- ASSIGNED TASK -
For this exercise, return all the data word for word, with images left out.

- GIVEN INFORMATION -
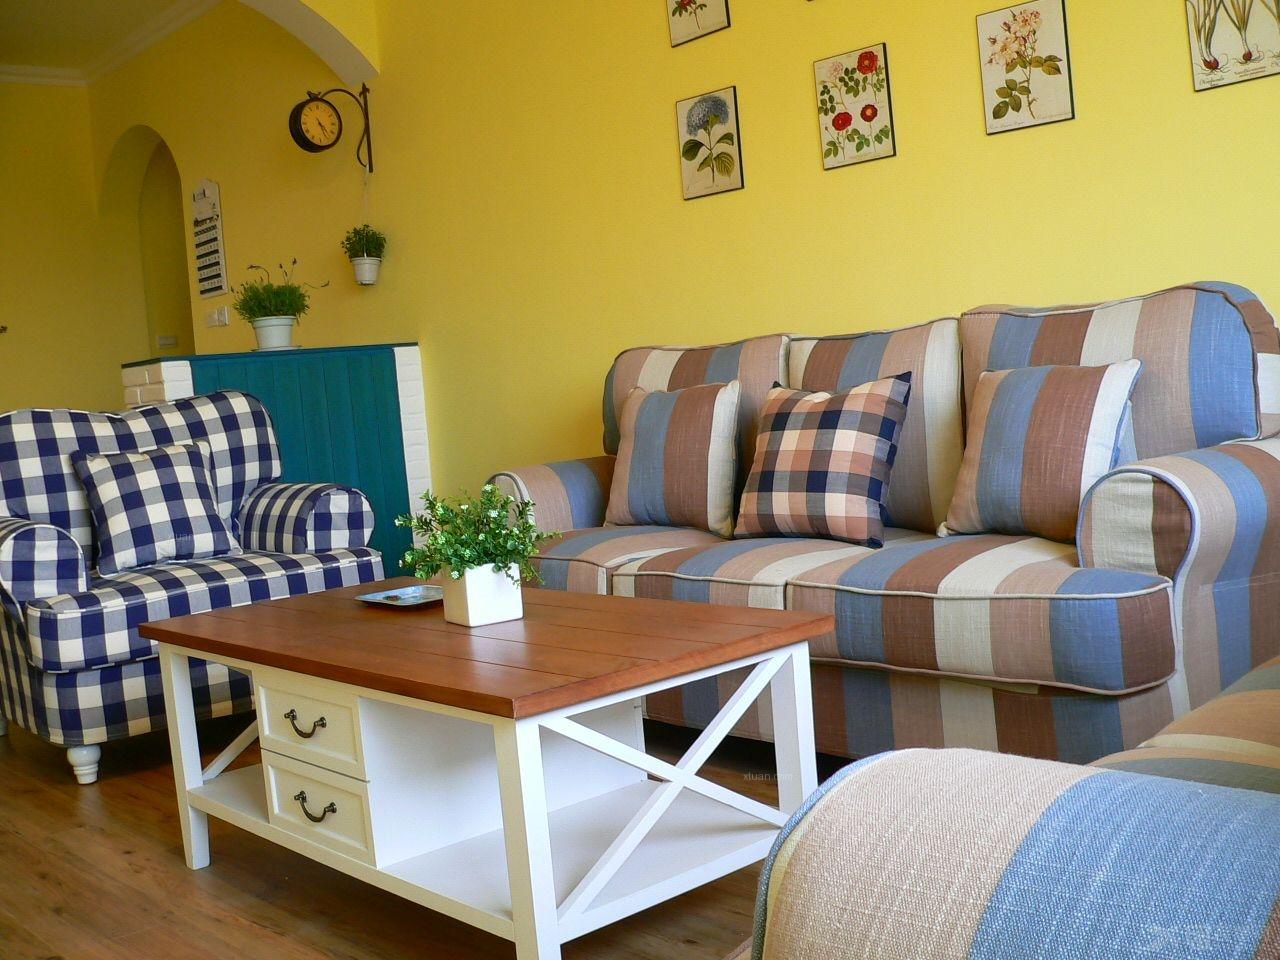 地中海沙发 北欧 美式乡村 韩式田园亚麻布料 条纹格 混搭装修效果图图片
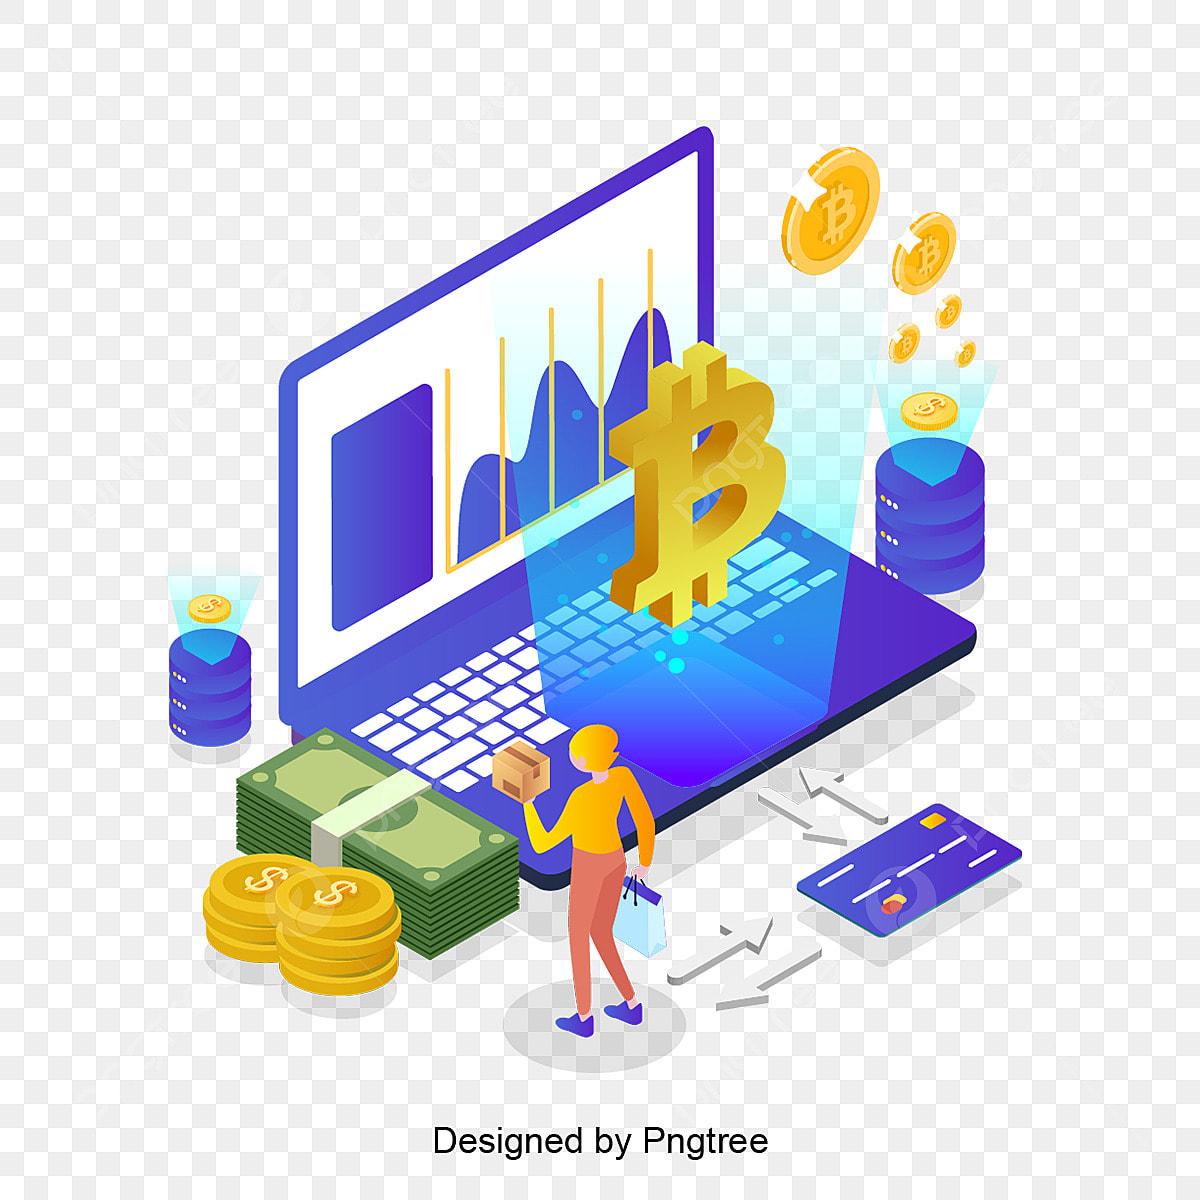 La Carte 3d 3d Anime De La Richesse De La Banque Main 3d 3d L Icone De Personnage Png Et Vecteur Pour Telechargement Gratuit
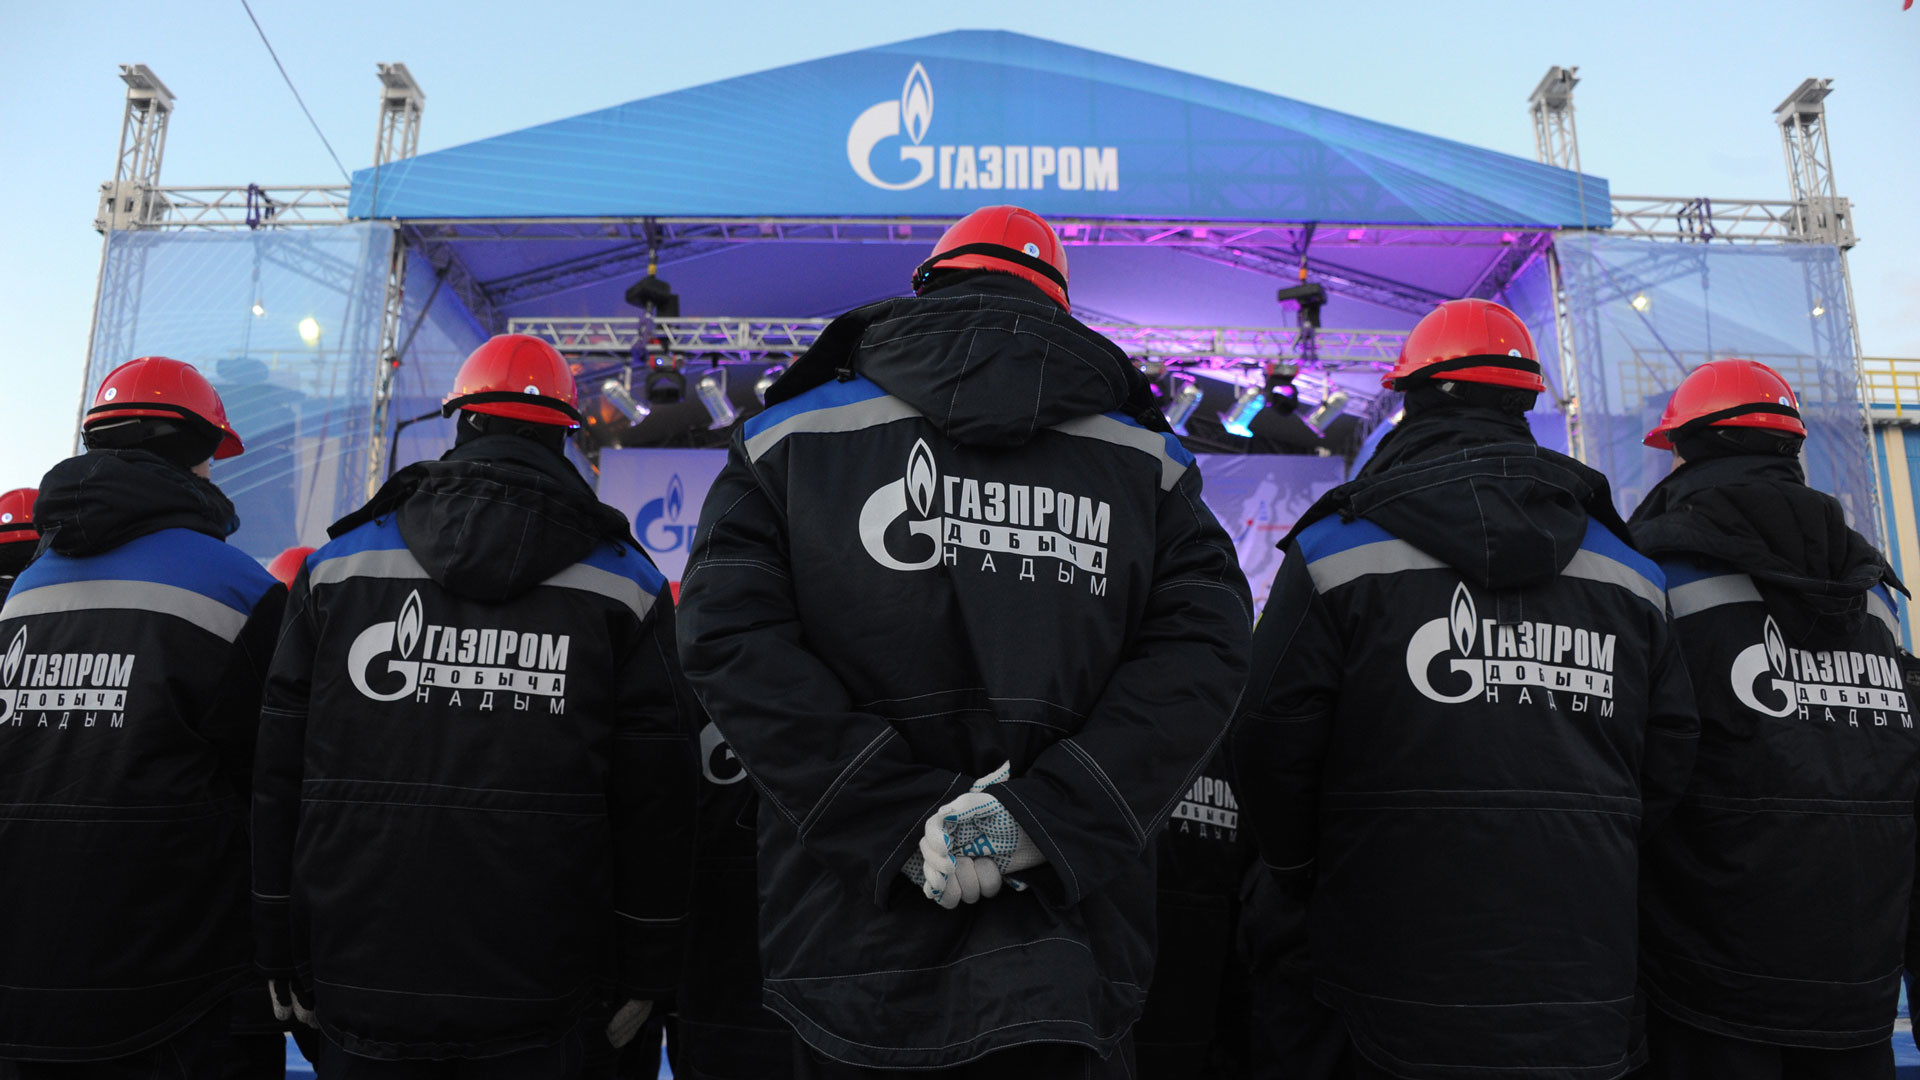 Фото: © РИА Новости/Алексей Филиппов

- TASK OUTPUT -
 地中海沙发 北欧 美式乡村 韩式田园亚麻布料 条纹格 混搭装修效果图图片
 La Carte 3d 3d Anime De La Richesse De La Banque Main 3d 3d L Icone De Personnage Png Et Vecteur Pour Telechargement Gratuit
 Фото: © РИА Новости/Алексей Филиппов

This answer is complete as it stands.